MiniMax

MiniMax Developer API Reference

Integrate MiniMax AI models into your applications with a clean REST API built for developers who value speed, clarity, and predictability.

API Overview

The MiniMax API is a RESTful interface that accepts JSON request bodies and returns JSON responses, with streaming support for real-time chat and video generation.

The MiniMax API operates over HTTPS on api.minimax.gr.com. Every request requires a valid Bearer token sent in the Authorization header. Response codes follow standard HTTP semantics — 200 for success, 401 for authentication failures, 429 when you hit rate limits, and 5xx for server-side issues. All endpoints support idempotency keys via the Idempotency-Key header, letting you safely retry requests without duplicating operations.

The API is versioned through a date-based scheme in the URL path. The current version is /v1. Older versions receive a six-month deprecation window with clear migration guides. Breaking changes are announced through the changelog and the developer mailing list. Non-breaking additions — new model IDs, optional parameters, additional response fields — appear without version bumps.

Endpoint Quick Reference:

All endpoints live under https://api.minimax.gr.com/v1. Chat, embeddings, video, and model management endpoints share a common auth model and error format. Use /v1/models to list available models and their capabilities before building your integration.

Authentication

Every MiniMax API call authenticates with a Bearer token generated from your platform hub dashboard.

Create an API key in the platform hub under Settings > API Keys. Keys support scope restrictions — you can limit a key to read-only access, video-only endpoints, or specific models. Production deployments should use separate keys for development and production environments. Rotate keys on a regular schedule and monitor key usage in the dashboard's activity log.

The authorization header format is Authorization: Bearer mmx_live_a1b2c3d4e5f6g7h8i9j0. Keys prefixed with mmx_live_ are production keys. Test keys use the mmx_test_ prefix and route to a sandbox environment with no billing impact.

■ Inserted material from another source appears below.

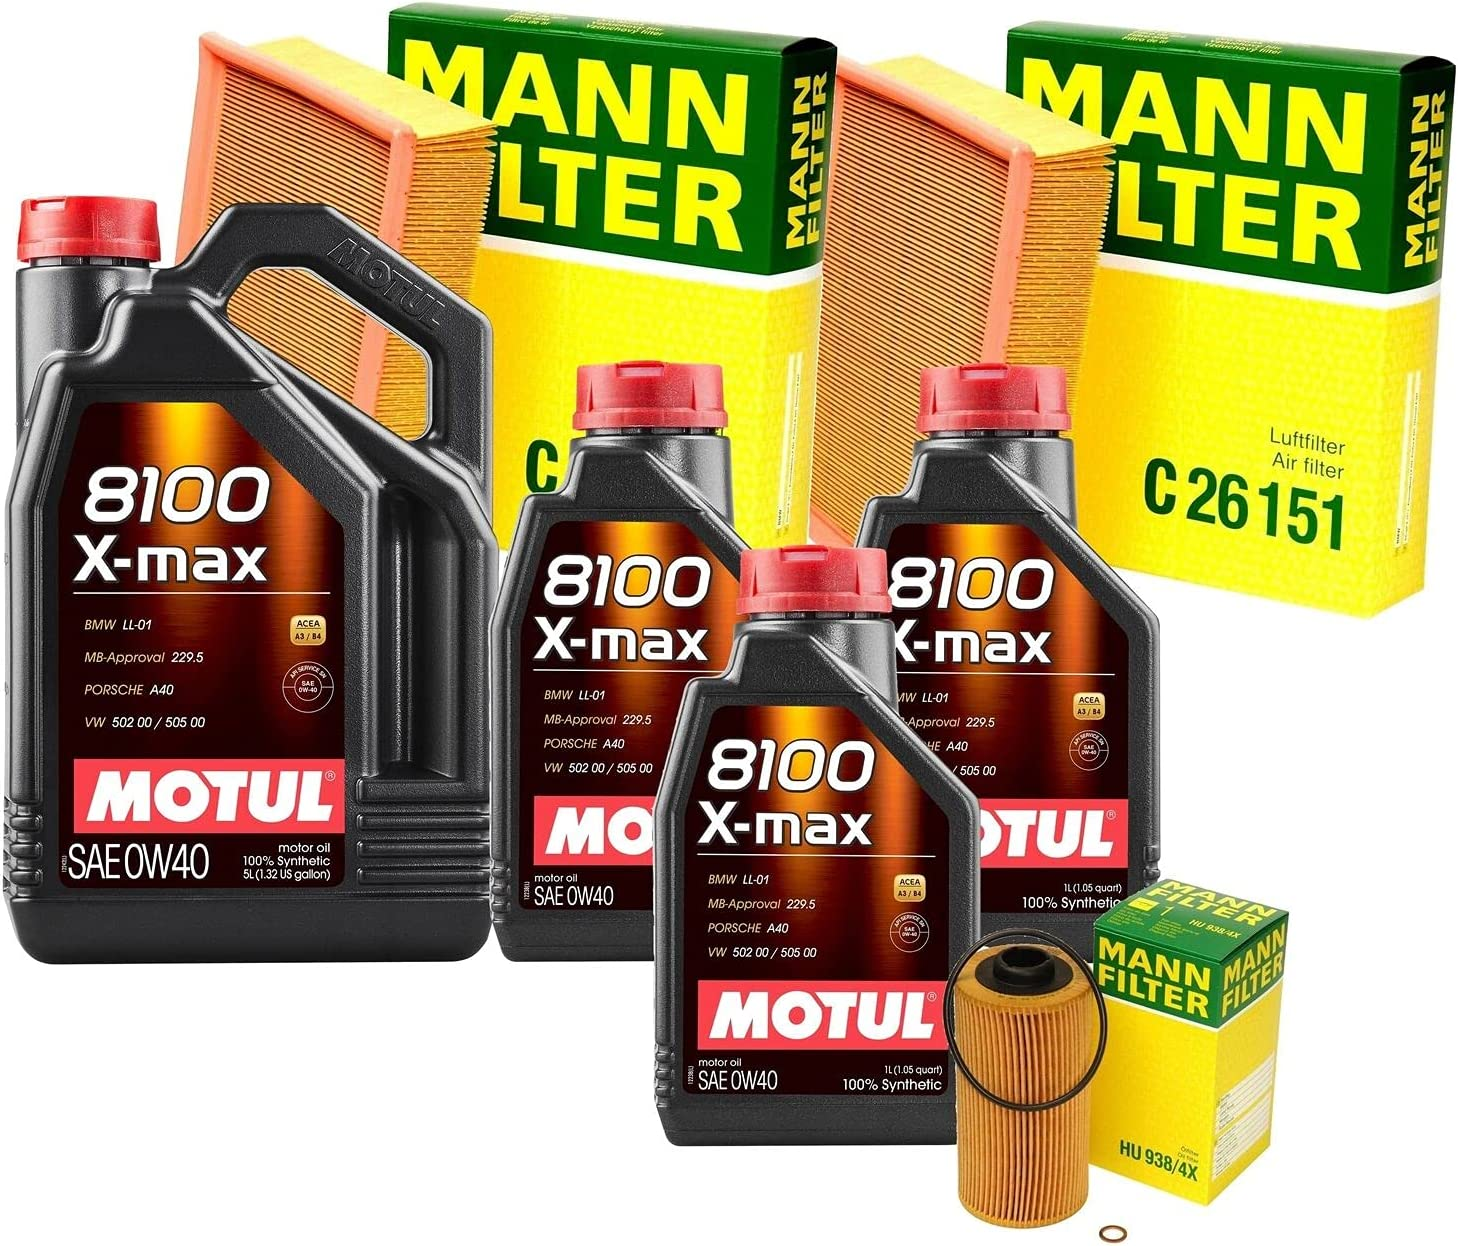 8L 8100 X-MAX 0W-40 Filter Motor favorite Air 4.0 Change Department store 740i Oil kit E38
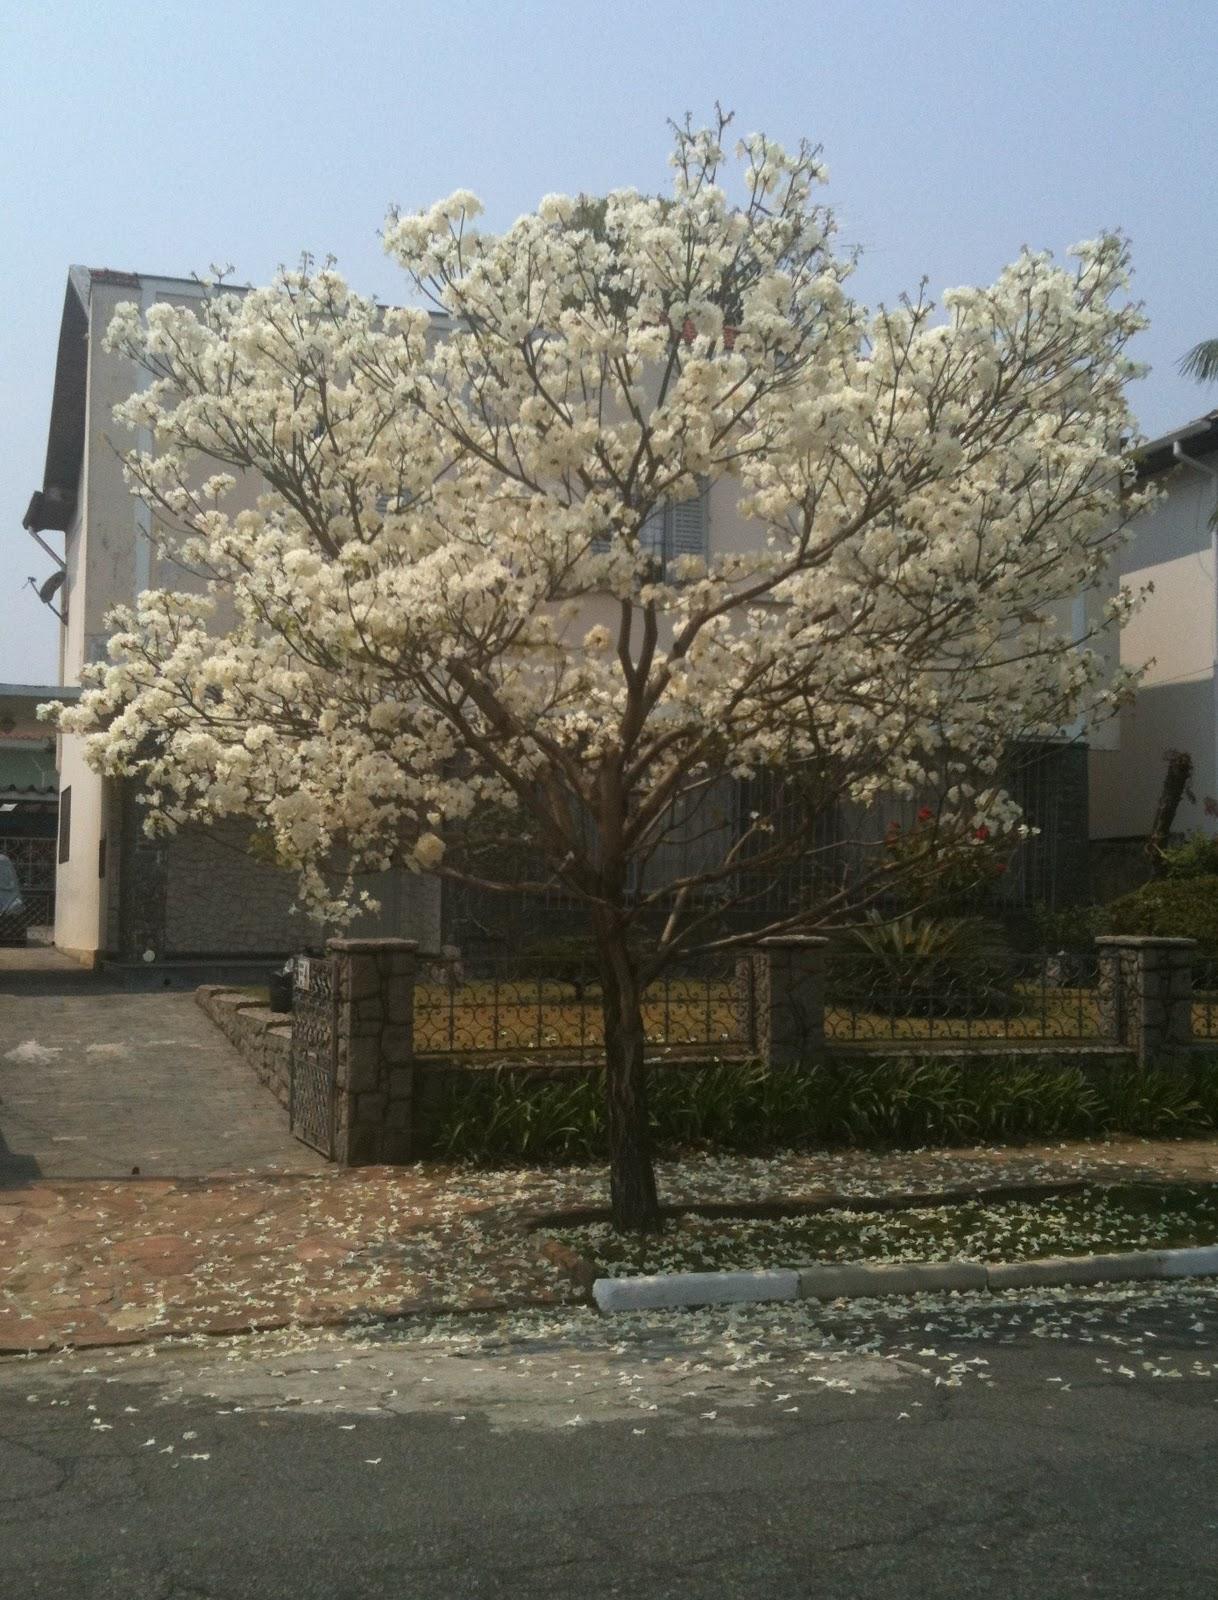 ipe de jardim arvore : ipe de jardim arvore:Verde Jardim: Dia da árvore

Never commit API keys to version control — use environment variables or a secrets manager.

Rate Limits

MiniMax enforces tiered rate limits with transparent headers so your application can adapt without guesswork.

Rate limits apply per API key, not per IP address. Every response includes X-RateLimit-Limit, X-RateLimit-Remaining, and X-RateLimit-Reset headers. When you exceed your limit, the API returns HTTP 429 with a Retry-After header indicating the number of seconds to wait. Free tier accounts receive 60 requests per minute. Pay-as-you-go accounts get 600 RPM with higher limits on video endpoints. Enterprise customers receive dedicated capacity with burst allowances negotiated during onboarding.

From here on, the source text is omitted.